Joe followed her irresolutely into the bedroom. What had seemed like possibly a good idea that afternoon over drinks had come to seem like folly. The bedroom, like almost every other room he had seen all day, had a fine view of southwest Houston. It would have been a comfort to have a room that didn’t have a view of southwest Houston.

“Do you mind if I wear a nightgown?” Dixie asked, emerging from the bathroom. Without makeup she looked younger rather than older.

“No,” he said. “I don’t care if you wear overshoes and a parachute. I really ought to go back to my hotel, you know. I shouldn’t molest you, I don’t think. The thought of your poor husband haunts me.”

“Squatty? I haven’t been married to him in fifteen years.”

“He sounds pretty husbandlike. I thought all Texas husbands were apt to come in and shoot men their wives were in bed with.”

“Oh, yeah, it happens all the time,” she said. “I’ve known plenty of cases. It’s perfectly legal, you know.”

Joe put his coffee cup on the windowsill and sat down on one edge of the large triple bed. He stared unhappily at southwest Houston. “Somehow the legality of it dampens my ardor,” he said. “If I was to get blasted for screwing I’d want some bastard to pay for it. Maybe he’s winging his way back from Alberta at this very moment to check up on you.”
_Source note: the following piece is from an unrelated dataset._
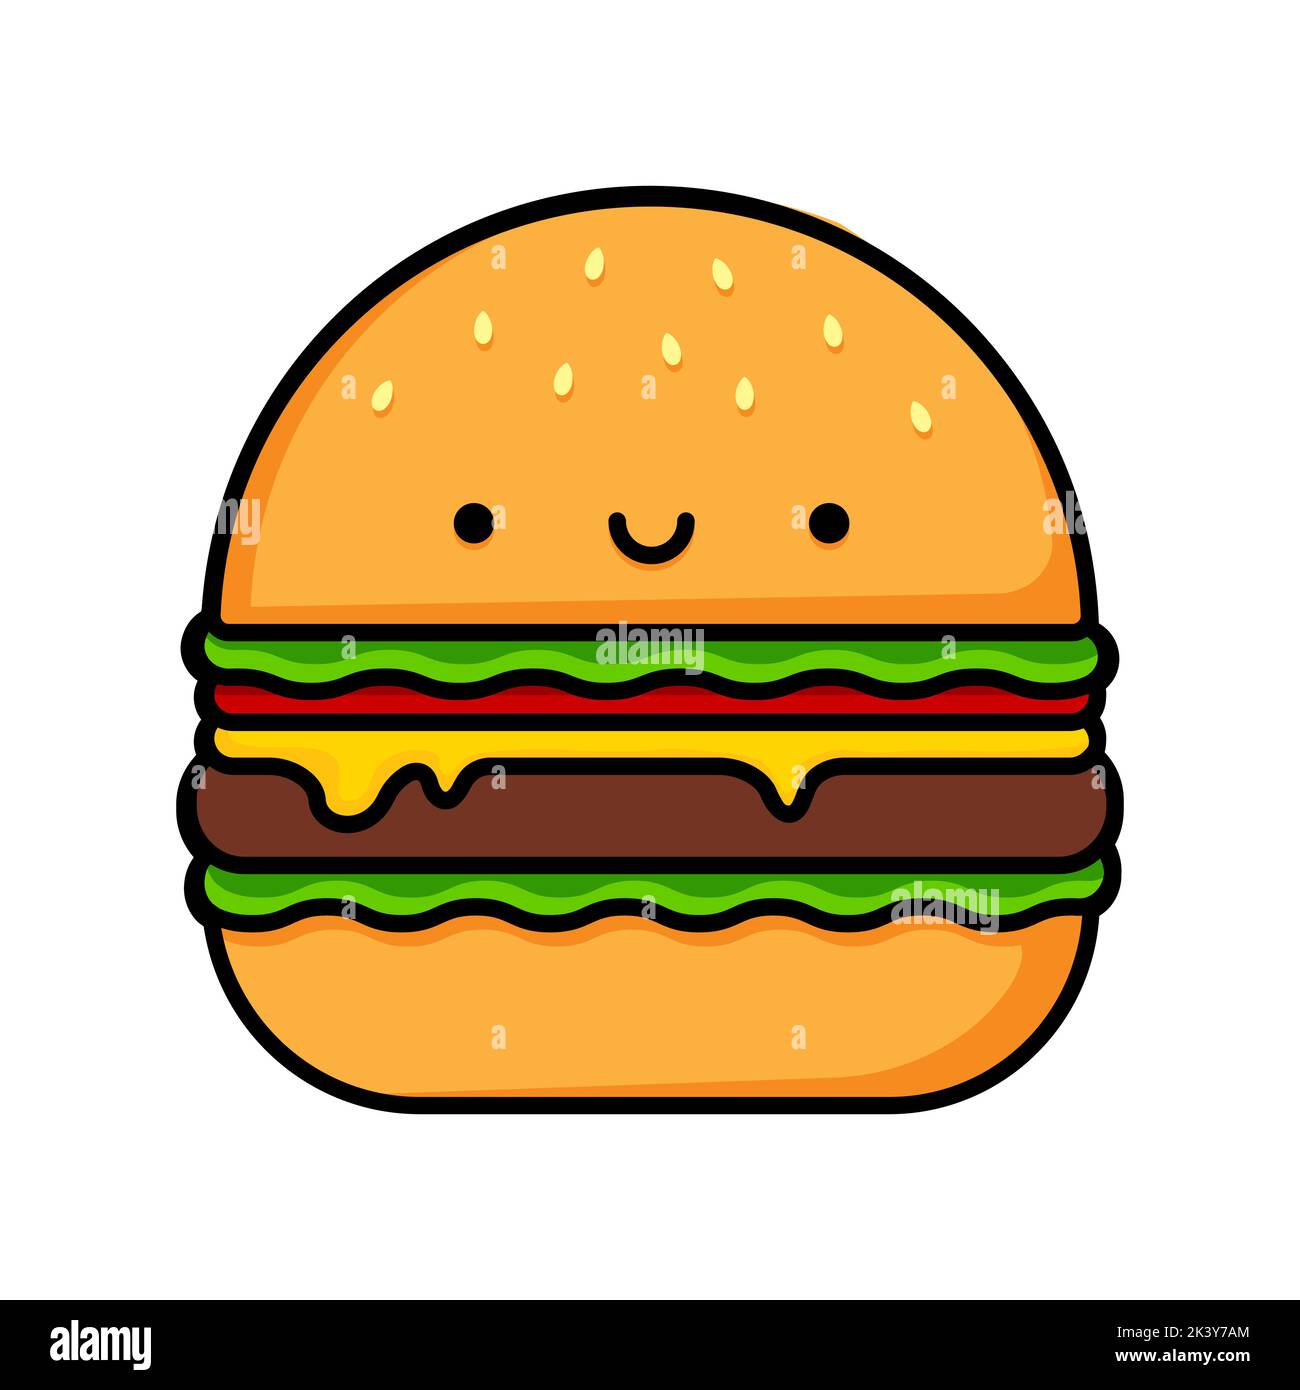 Cartoon image of a cute smiling burger. Food illustration. Vector illustration. Stock Vector

“Not Squatty.” She emerged from the closet in a demure white gown and sat down on the floor and began to do exercises vigorously. She made a strange snorting noise through her nose. “That’s yoga,” she said, stopping to explain.

“I don’t have any pajamas,” Joe said, grinning despite himself.
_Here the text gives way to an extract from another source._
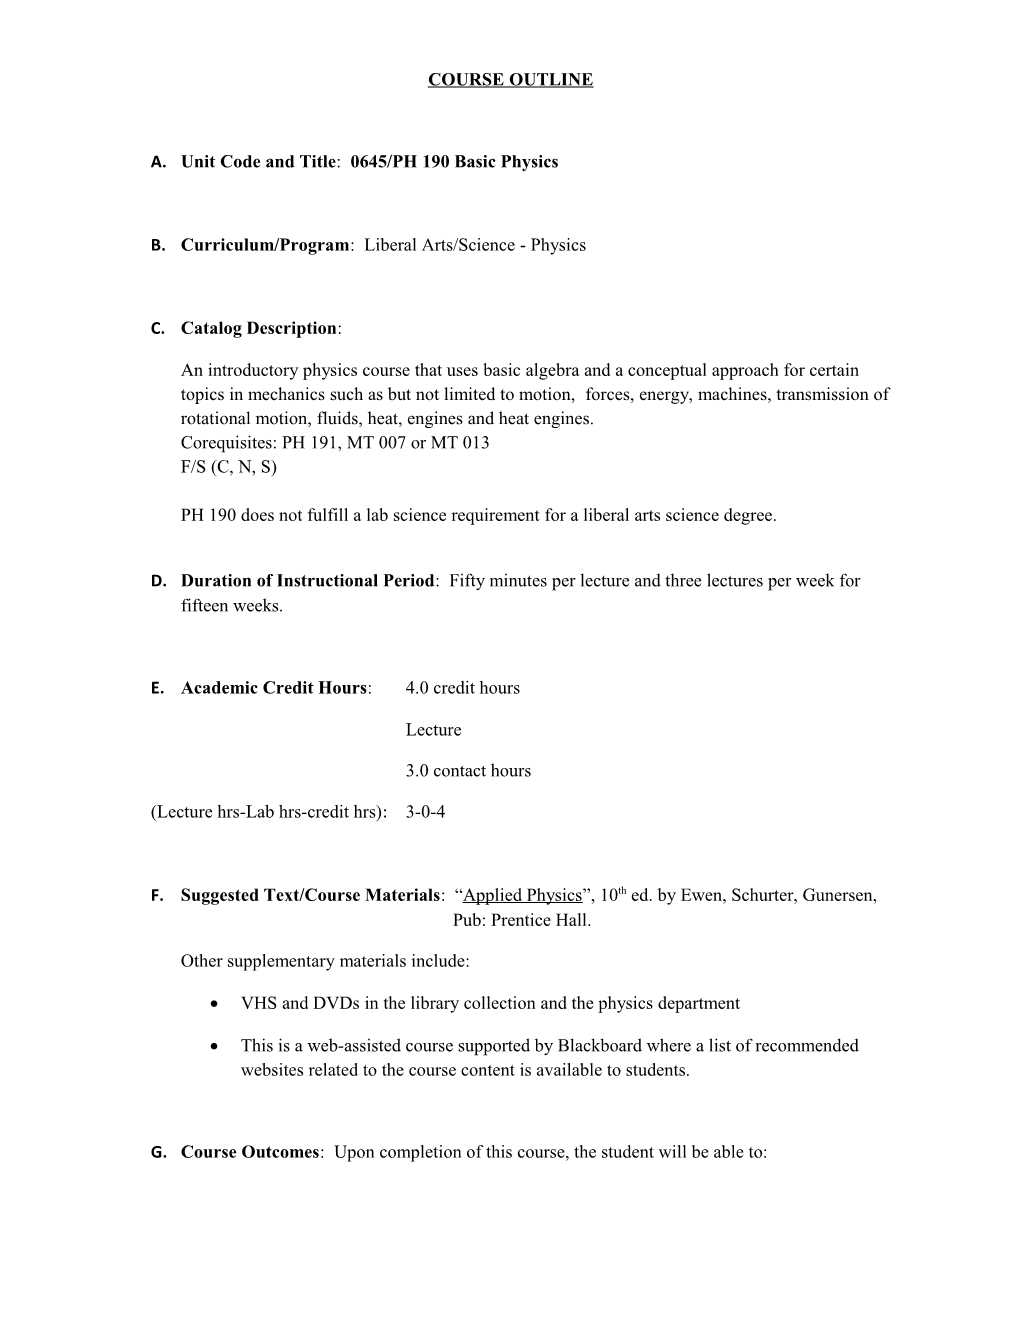 A. Unit Code and Title: 0645/PH 190 Basic Physics

“Get in bed while I’m not looking,” she said. “I have to exercise a little more.”

“Well, it’s not as if I’m a virgin,” he said, a little fed up with life. He got in his side of the huge bed and lay on his back. Now and then he caught a glimpse of Dixie’s head as she exercised. Finally she turned out the light and got in the opposite side of the bed. The only light came from the city far below.

“Well, it’s been a great evening,” he said heartily. “See you at breakfast.”

“I haven’t seen Sonny in years,” Dixie said. “That scholar liked him. I wouldn’t have thought a scholar would like Sonny.”

“Intellectuals are all fascinated with athletes,” he said. “It doesn’t work the other way around.”

They were silent for a bit. Joe was hoping she would go to sleep.

“Sonny would have made a good match for Patsy,” she said. “He’s older. People the same age have the same kind of problems. How can you get along with someone if you have the same problems they have?”

“You’re off your nut,” Joe said mildly. “Nobody I can think of should marry Sonny.”

“I should have married him,” Dixie said. “When are you coming over here?”

“You’re not really interested in me, are you?” he said.

“Well, you’re a man and I’m a woman. That’s what men always tell me when they want to screw me. Come on.”

“There must be some real dimwits in this state if that’s the kind of line they come up with,” he said. “I was writing lines like that in 1935. I’m shy and depressed tonight. I think we ought to wait.”

“I know you’re depressed. I’m not dumb. If you screw me maybe you won’t be depressed. I can’t stand people who are depressed.”

“You don’t know what you’re saying,” he said. “I’m a mad romantic. I feel like plunging a dagger into my breast at this very moment. Once I taste the delights of your body you’ll never get rid of me.

“Come on,” she insisted. “It will cheer you up.”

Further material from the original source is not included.